**Information supplied**:
:::

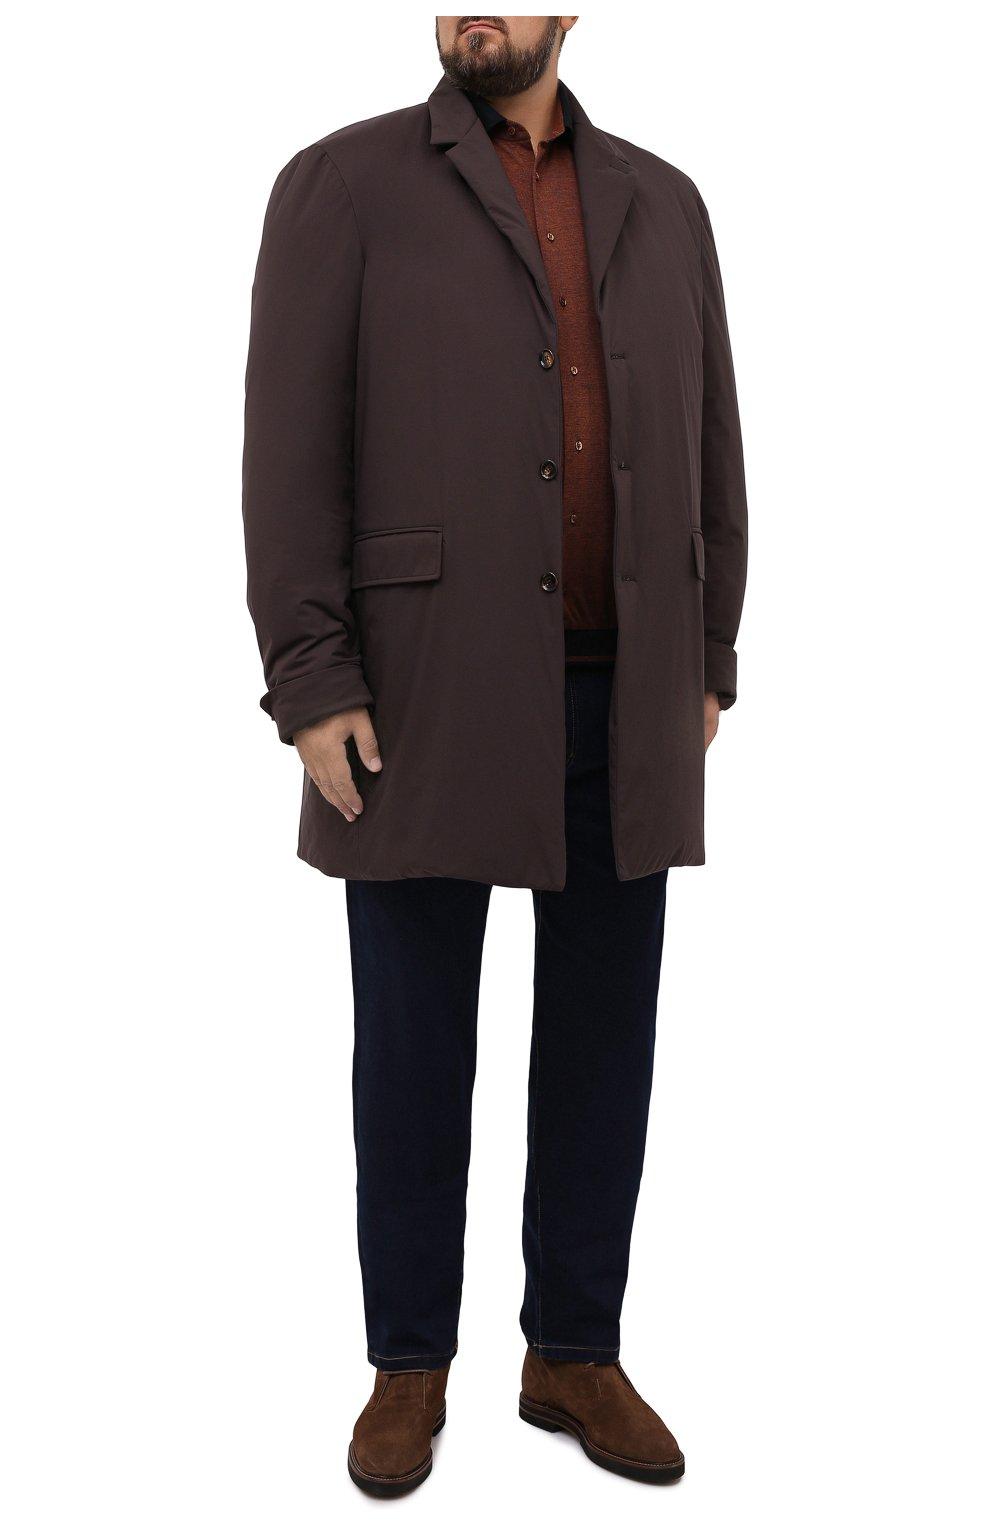 Мужской пуховый плащ KIRED коричневого цвета, арт. WPELM0LW6806527000/62-72 | Фото 2
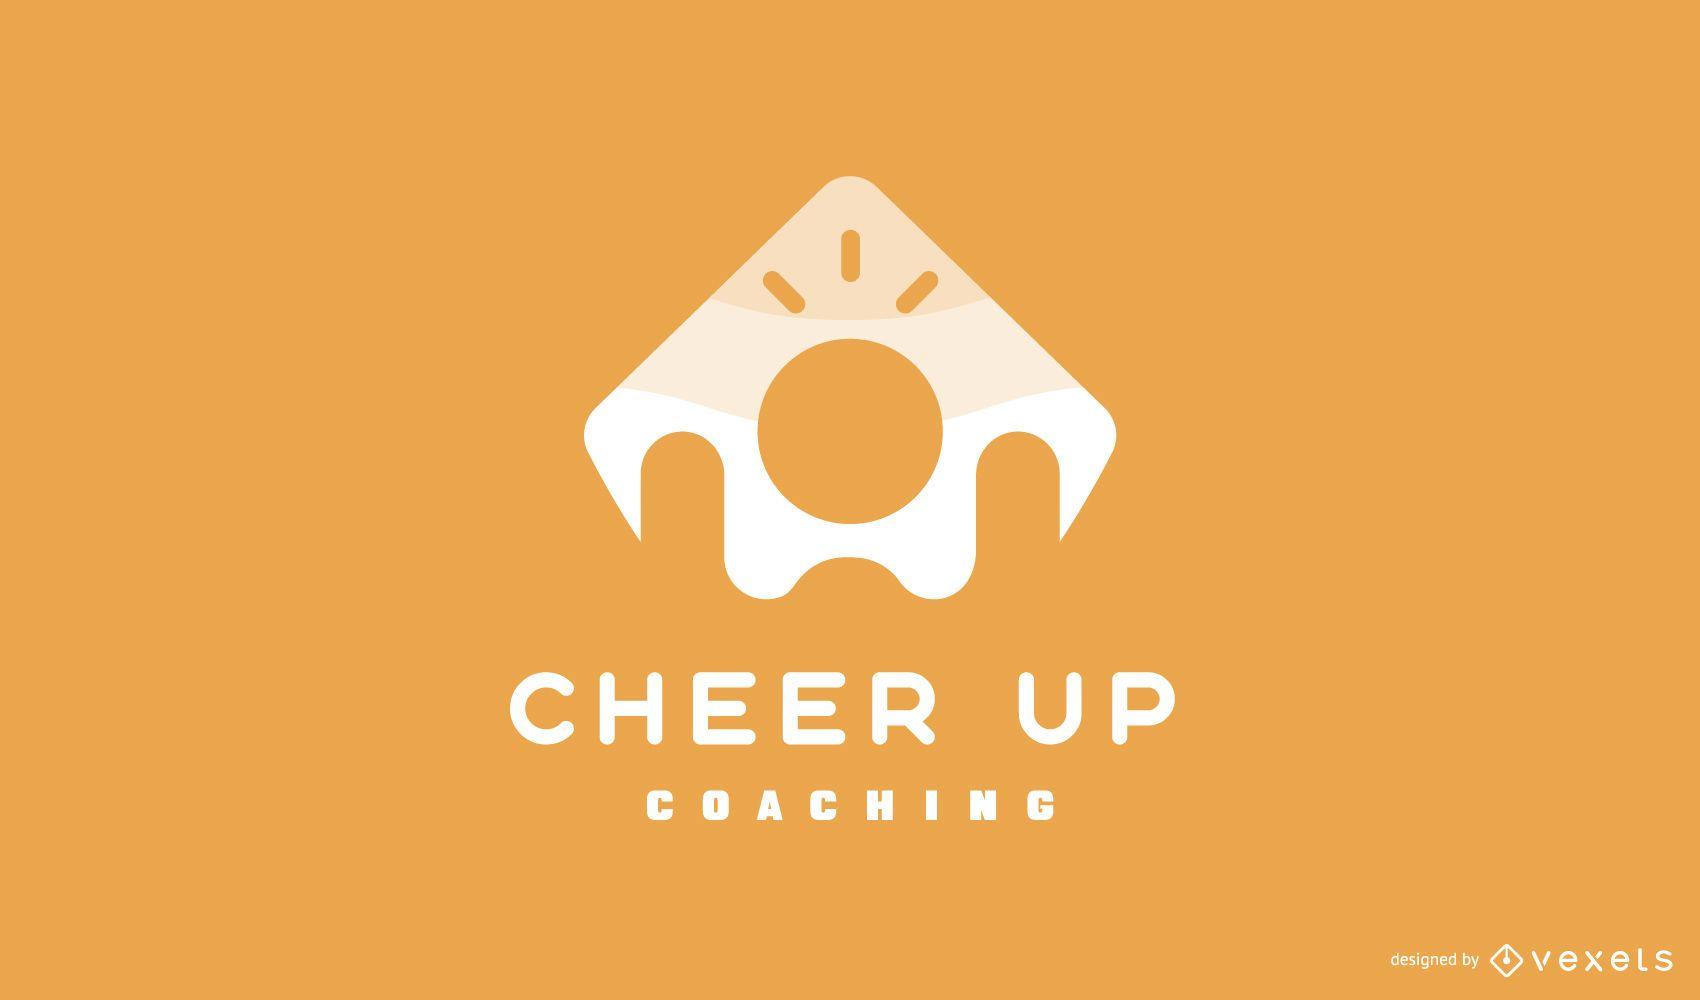 Cheer Up Coaching Logo Design
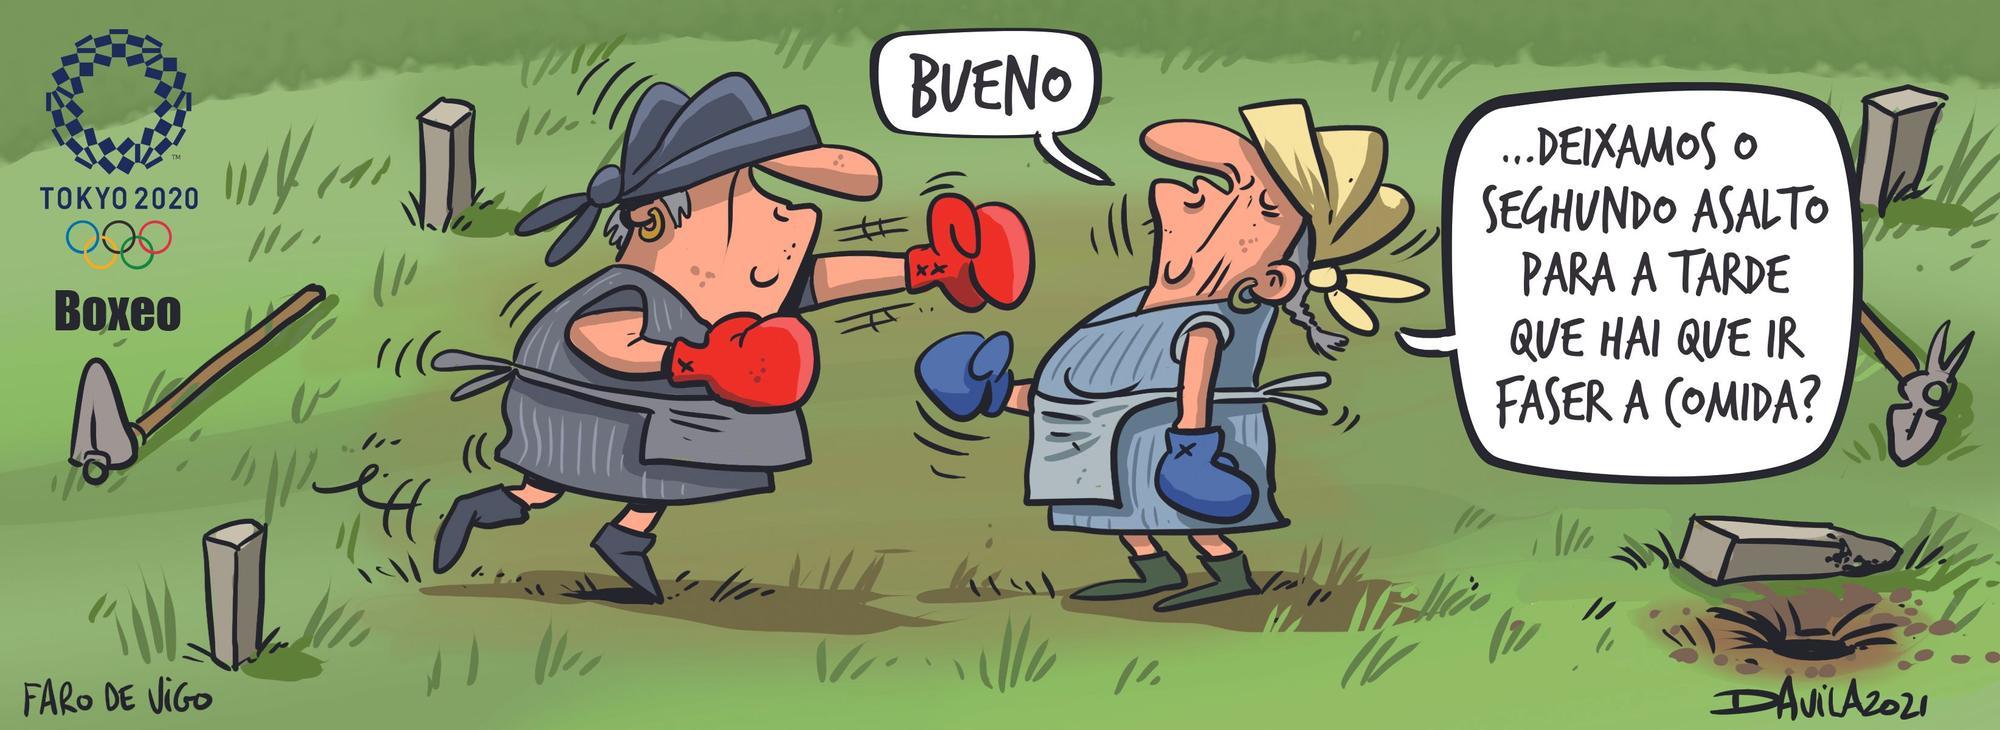 Boxeo.jpg
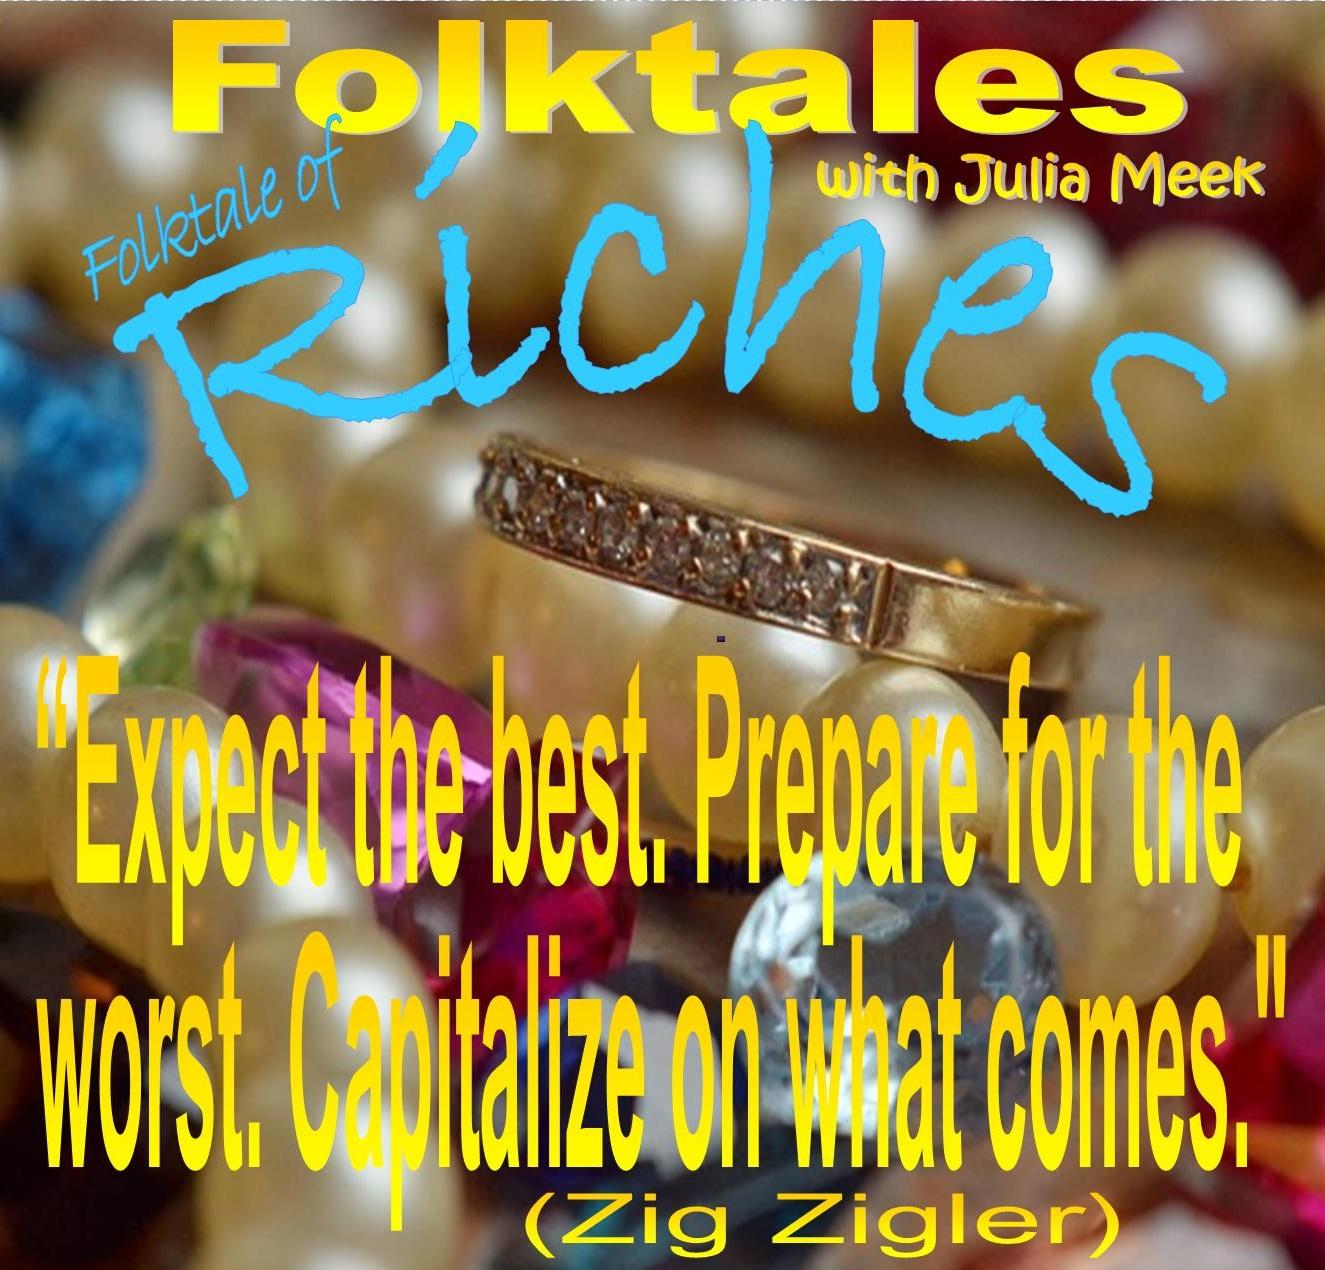 Caption: WBOI's Folktale of Riches, Credit: Julia Meek

:::

**Task instructions**:
Reproduce the data exactly as it appears above. Pictures are to be left out.

**Answer to this task**:
 Мужской пуховый плащ KIRED коричневого цвета, арт. WPELM0LW6806527000/62-72 | Фото 2
 Cheer Up Coaching Logo Design
 Boxeo.jpg
 Caption: WBOI's Folktale of Riches, Credit: Julia Meek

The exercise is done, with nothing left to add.